What can Ghostcat do ?
By exploiting the Ghostcat vulnerability, an attacker can read the contents of configuration files and source code files of all webapps deployed on Tomcat.
In addition, if the website application allows users upload file, an attacker can first upload a file containing malicious JSP script code to the server (the uploaded file itself can be any type of file, such as pictures, plain text files etc.), and then include the uploaded file by exploiting the Ghostcat vulnerability, which finally can result in remote code execution
Lets first talk about AJP (Apache Jserv Protocol)
The AJP Protocol
The AJP is a binary protocol used by the Apache Tomcat webserver to communicate with the servlet container that sits behind the webserver using TCP connections. It is mainly used in a cluster or reverse proxy scenario where web servers communicate with application servers or servlet containers.
In simple terms, this means that the HTTP Connector is exposed to clients, while the AJP is used internally between the webserver (e.g., Apache HTTPD) and the Apache Tomcat server (illustrated in Figure 1). AJP is implemented as a module in the Apache HTTP Server, represented as mod_jk or mod_proxy_ajp. The bottom line is that AJP is not, by nature, exposed externally. This is important to point out, as it’s one of the prerequisites for the RCE scenario.
GHOSTCAT is a LFI(Local File Inclusion) vulnerability It’s not a RCE(Remote Code Execution) by default There are some circumstances which made it RCE
CIRCUMSTANCES THAT CAN MAKE GHOSTCAT A RCE
The web application needs to allow file upload and storage of these uploaded files within the web application itself and combined with the ability to process a file as a JSP
João Matos, a well-known security researcher from Brazil, identified the prerequisites needed for Ghostcat to become an RCE
Upload files via an APP feature. This first prerequisite means that an application with a file upload feature should already be installed in the system for the RCE to be possible. If this is the case, it would be more convenient for a potential attacker to use the web application itself with a file upload vulnerability to upload a malicious web shell file. The need to interpret the file as JSP would only arise in cases where the upload vulnerability restricts certain file extensions such as JPG or TXT.

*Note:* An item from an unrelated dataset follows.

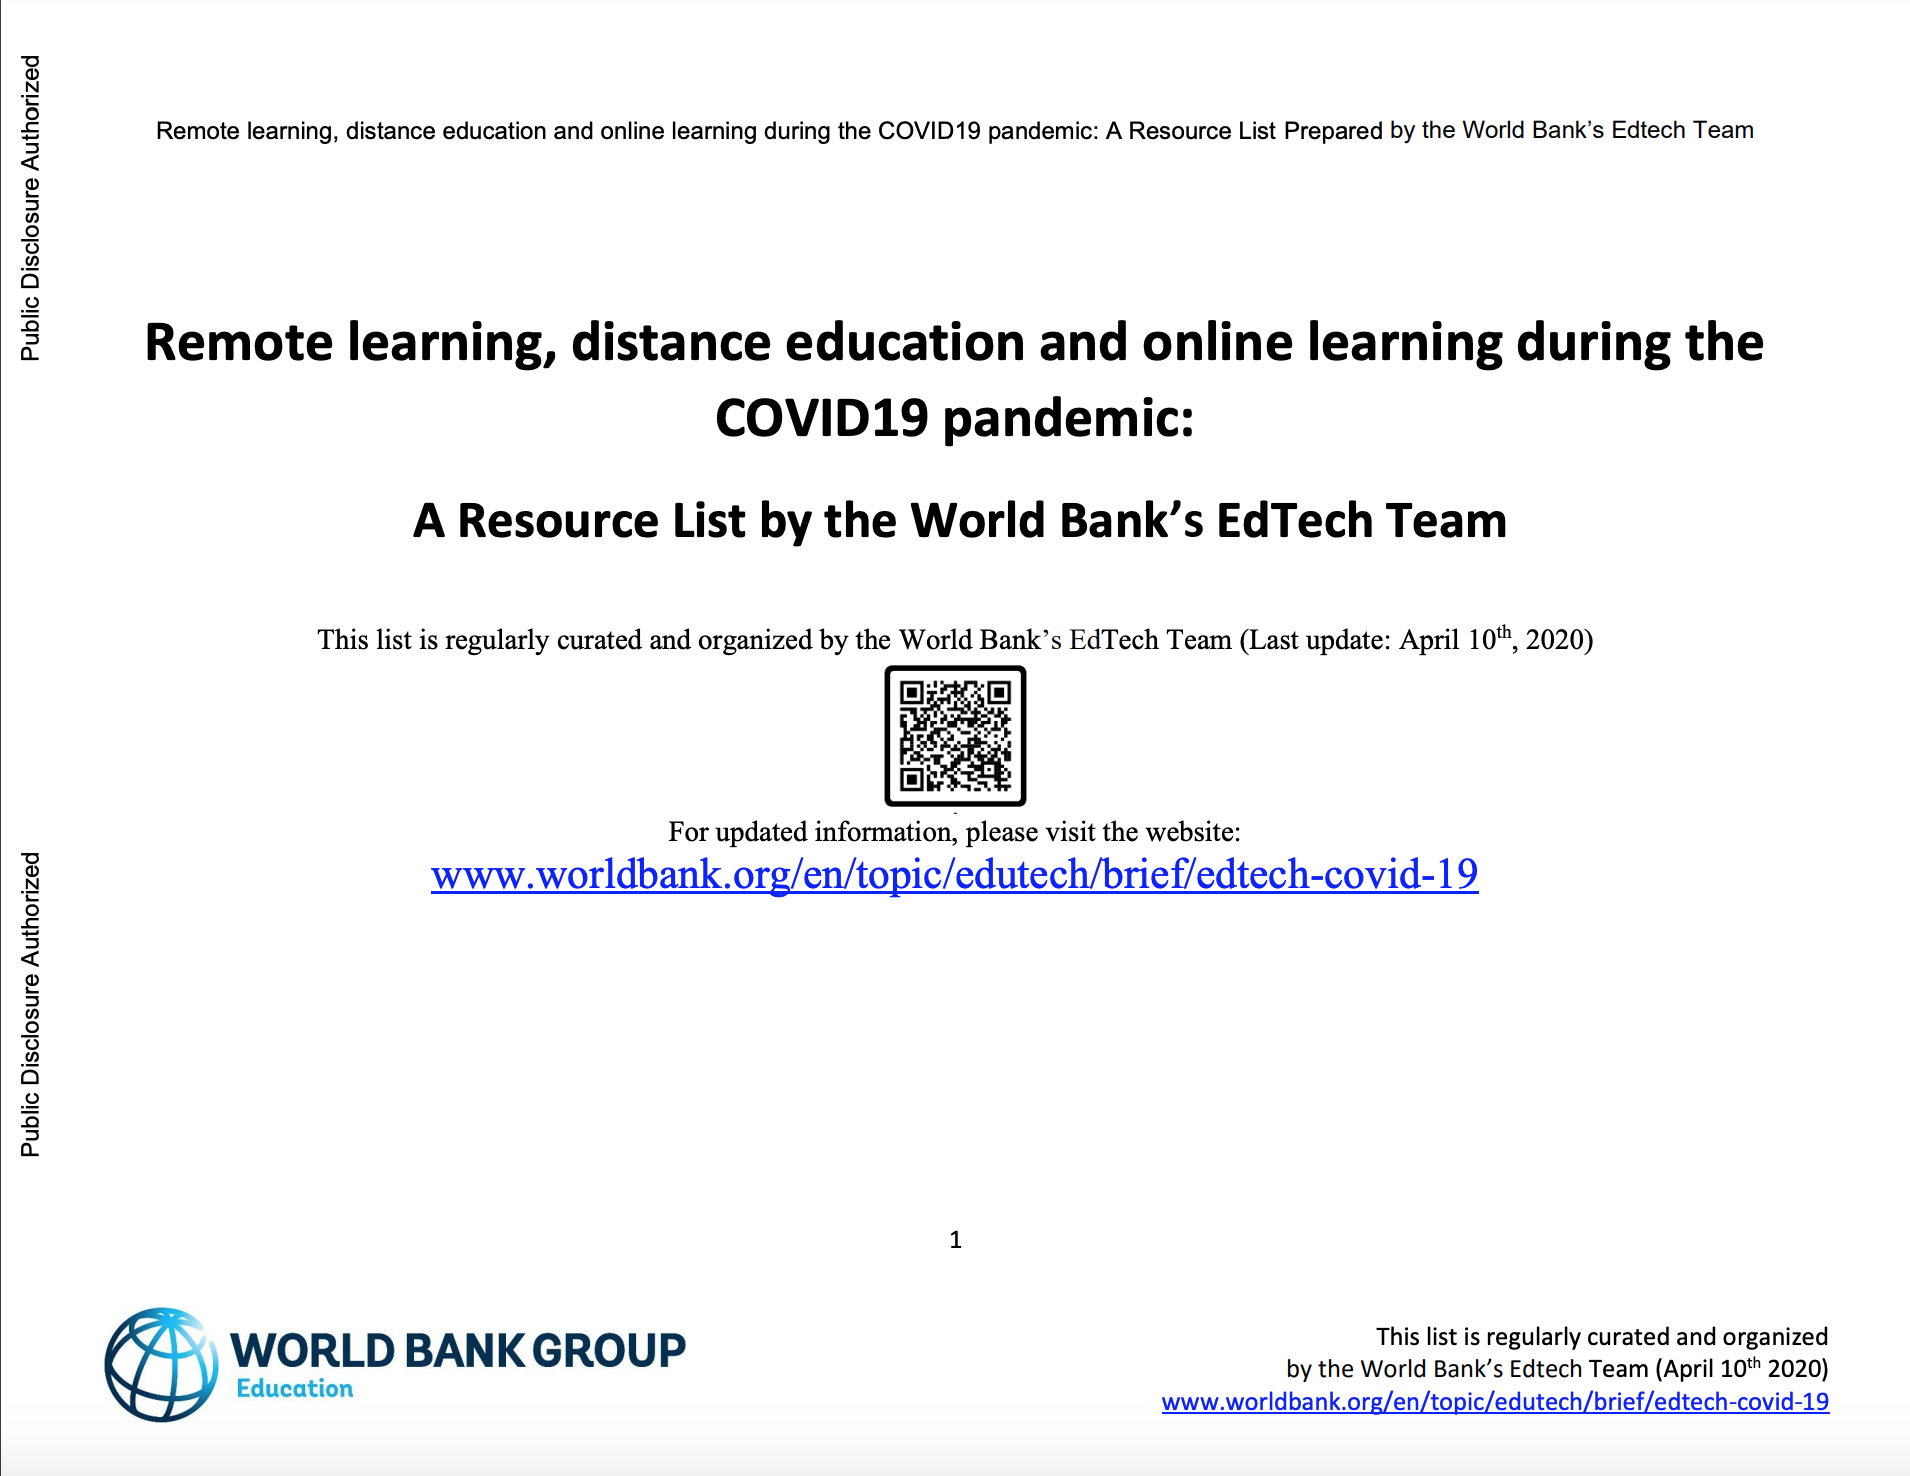 Remote Learning Distance Education And Online Learning During The

These files are saved inside the document root. Once an attacker has compromised the application and was able to upload the malicious file, the files would need to be saved inside the application root folder. This prerequisite by itself is unlikely or difficult to orchestrate for two reasons: 1) It is uncommon in Java applications to save files in its application root folder; and 2) the application root folder is transitory, so this folder is completely overwritten whenever a new version of the application is deployed.
In addition, from a developer perspective, it makes little sense for a file upload feature to upload files inside the root folder since most of the Apache Tomcat applications are deployed as a .WAR file, which is basically a zip file.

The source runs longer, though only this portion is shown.